Лапшин
Шрифт:
— Нечего! — говорил он. — Спать пора!
Как всегда в дни окончания подготовки крупного дела, бригаду лихорадило, и только один Лапшин сохранял спокойствие и подшучивал даже больше, чем обычно. Это было в его характере. Чем яснее он понимал, что Мамалыга даром не сдастся, тем благодушнее и покойнее он выглядел и тем меньше говорил о предстоящем деле.
В самый день операции, когда ему докладывали о ходе подготовки, он рассеянно морщился и говорил:
— Да? Ну что ж, ладно!
Ранним вечером у него в кабинете зазвонил телефон, и он услышал голос Адашовой.
— Иван
— Точно, — сказал Лапшин.
— Можно к вам приехать? — спросила Адашова. — У меня вечер свободный.
— Да сейчас я занят, — сказал он, — тут у меня всякие делишки.
Она помолчала.
— Как вы живете? — спросил Лапшин.
От звука ее голоса у него билось сердце, он не знал, что сказать, и во второй раз спросил:
— Как же вы живете?
— Да никак, — вяло сказала она, — работаю, репетирую.
Ему хотелось сказать ей, что он, вероятно, любит ее, что он думает о ней все время и что он понимает, насколько все это глупо. Но он спросил, как Захаров и переделали ли уже пьесу или еще нет.
— Переделали, — грустно сказала она. — До свидания, Иван Михайлович!
Лапшин помолчал, ожидая чего-то, и услышал, как Адашова повесила трубку. «В девчонку, — думал он, шагая по кабинету, — ну ей двадцать семь — двадцать восемь, и что нам с ней делать? Про жуликов говорить?» Он постучал себя по лбу и постоял у окна, глядя на площадь Урицкого.
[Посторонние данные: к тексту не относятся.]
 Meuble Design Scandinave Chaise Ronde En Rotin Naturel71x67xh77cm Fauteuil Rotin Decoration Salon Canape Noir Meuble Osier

В восьмом часу вечера Окошкин на оперативной машине привез из кафе «Европа» двух участников группы Мамалыги. У одного из них был наган, у другого — пистолет Борхарда, правда без патронов. Первый назвался Петром Седых, второй показал паспорт иностранного подданного.
— Ах, вот как, — сказал Лапшин тонким голосом, — целый цирк!
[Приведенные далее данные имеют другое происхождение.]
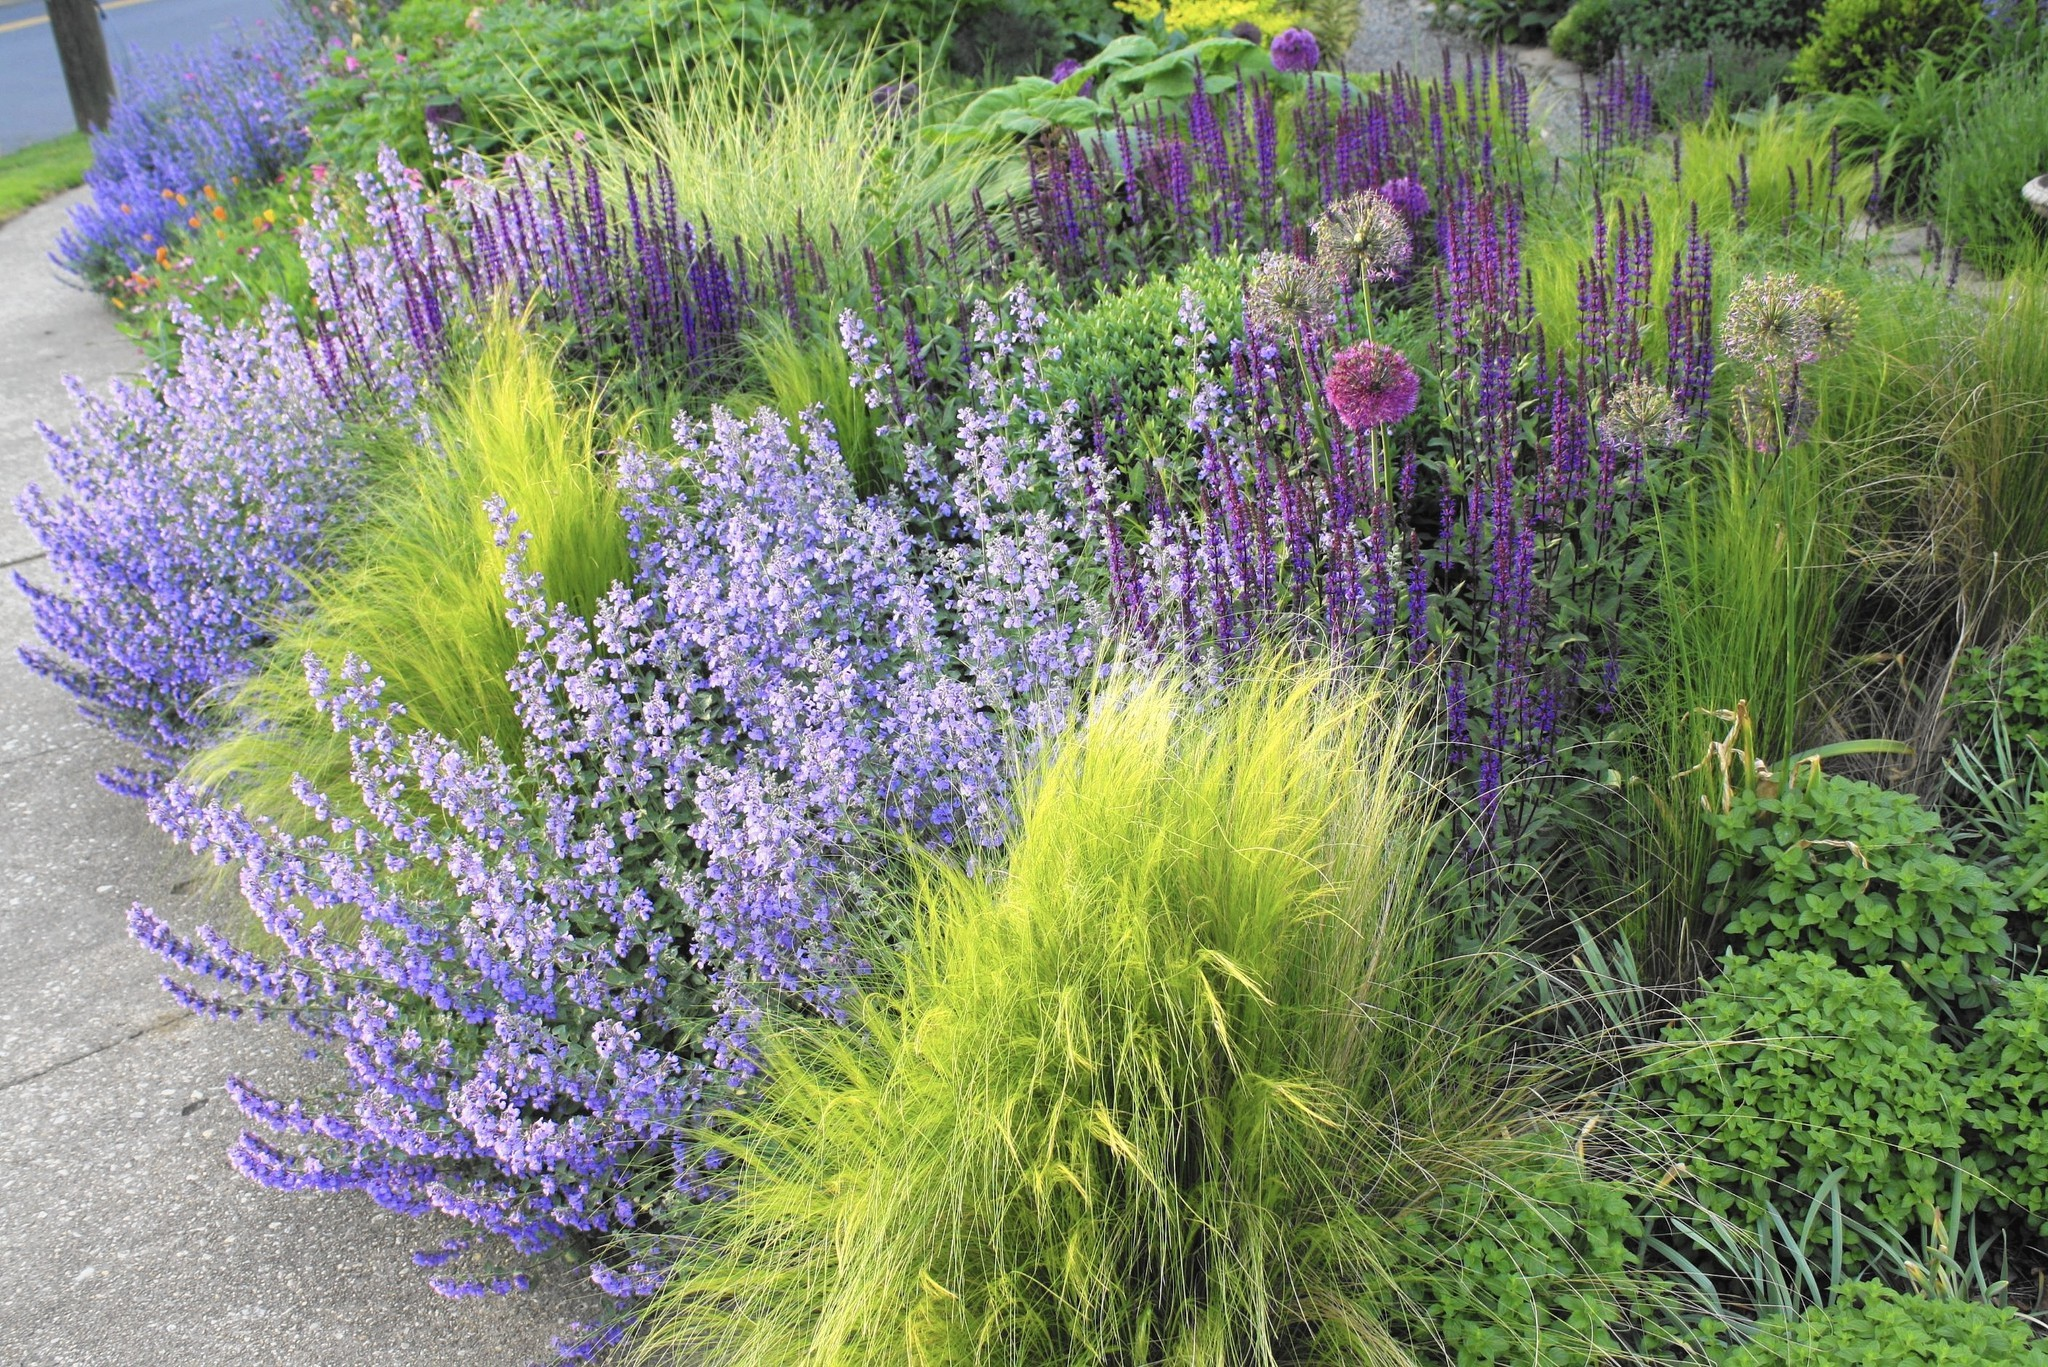 New way to garden chicago tribune for Wild grass landscaping

Он позвонил, чтобы иностранного подданного увели, и стал допрашивать Седых. Он уже ни о чем не думал, ее предстоящего ныне дела, ни о чем не помнил, ничего не понимал. И выражение глаз у него сделалось неприятное, спрятанное, и только голос был как обычно — покойный, иногда с растяжечкой. Седых ничего нового ему не сказал, а только подтвердил то, что было известно еще вчера: у Мамалыги вечером большое гуляние. Седых увели, Лапшин залпом выпил стакан остывшего чаю с лимоном и, скрипя сапогами, пошел по комнатам бригады.
Везде было тихо и пусто, и только в той комнате, где сидел Васька Окошкин, были люди, проверяли оружие и разговаривали теми сдержанными легкими голосами, которые известны военным и которые означают, что ничего особенного, собственно, не происходит, ни о какой операции никто не думает, никакой опасности не предстоит, а просто-напросто что-то заело со спусковым механизмом пистолета у Васьки Окошкипа и вот товарищи обсуждают, что именно могло заесть.
— Ну как? — спросил Лапшин.
— Да все в порядке, товарищ начальник! — весело и ловко сказал Побужинский. — Вот болтаем.
Лапшин сел на край стола и закурил папиросу.
— Побриться бы надо, Побужинский! — сказал он. — Некрасиво, завтра выходной день. Пойди, у меня в кабинете в шкафу есть принадлежности, побрейся!
— Слушаюсь! — сказал Побужинский и ушел,
Окошкин и Бычков оба машинально попробовали, как у них с бородами, очень ли заросли.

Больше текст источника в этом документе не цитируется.